Our goal is to select high quality structures from each metafold, where
possible, from our Consensus Domain Dictionary
(CDD) for simulation. The
structures of the domains within each metafold in our CDD were examined.
Where there was more than one structure available within a metafold,
domains comprising an entire chain in the PDB were preferred over
domains from mulitmers and multi-domain proteins. Shorter domains were
preferred over larger ones with a maximum cutoff of 450 residues and
high resolution crystal structures (resolution cutoff of 3 Å) over
NMR structures. Potential protein domains were also selected to be
self-contained and likely to fold independently.
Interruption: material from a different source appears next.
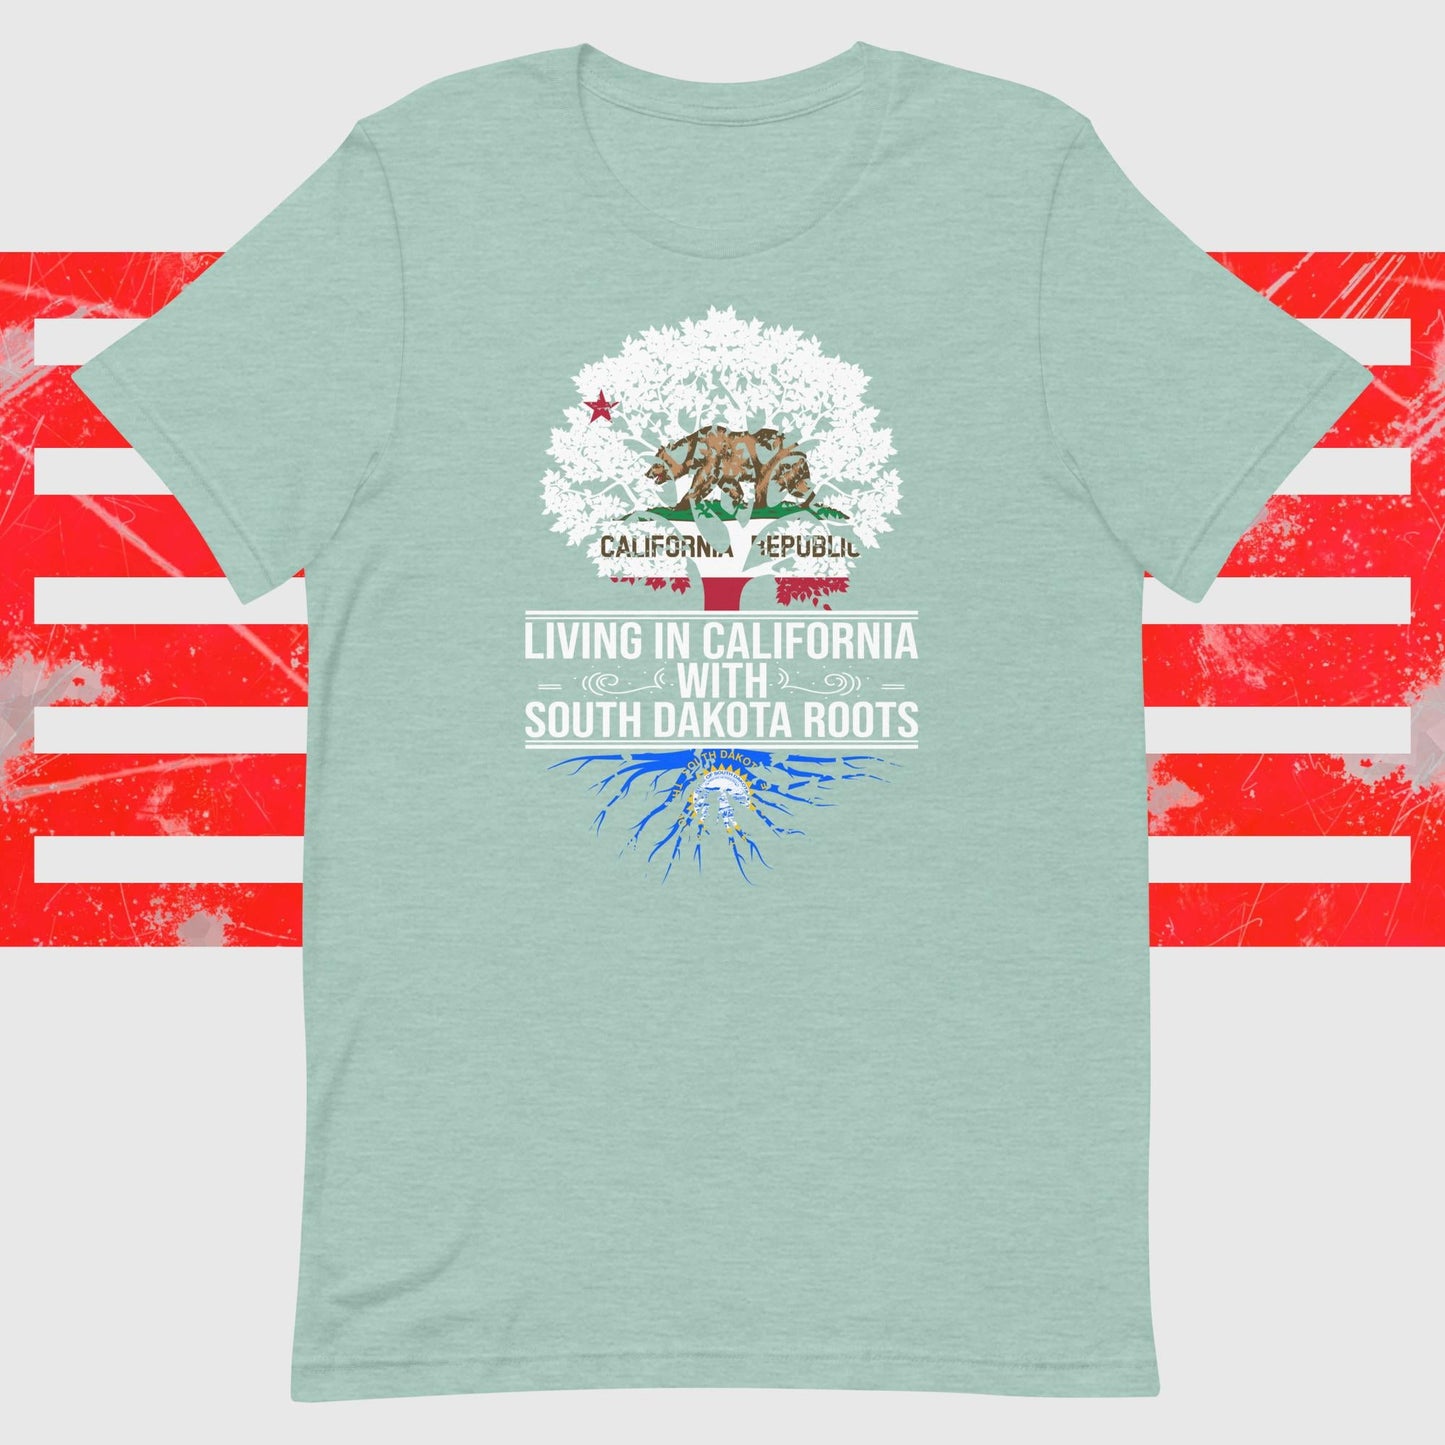 Living In California With South Dakota Roots - The Dude Abides - T-shirt - california - clever - design

We preferred domains
without cofactors (with the exception of heme, Zn and Ca), were not part
of a membrane and were globular with regular secondary structure
elements. Finally, for each metafold, the list of suitable protein
target structures was reduced by selecting for those systems with
available experimental data in the forms of NMR observables, folding and
unfolding studies, drug design, or protein interaction. If at least one
domain within a metafold met these criteria the domain was assigned as
the fold representative for that metafold and simulated. If no domains
within a metafold met all of the above criteria, a domain was assigned
as the fold representative and the reasons for rejection were annotated.
In the 2009 CDD, 807 metafolds had at least one domain suitable for
simulation while 888 metafolds were rejected.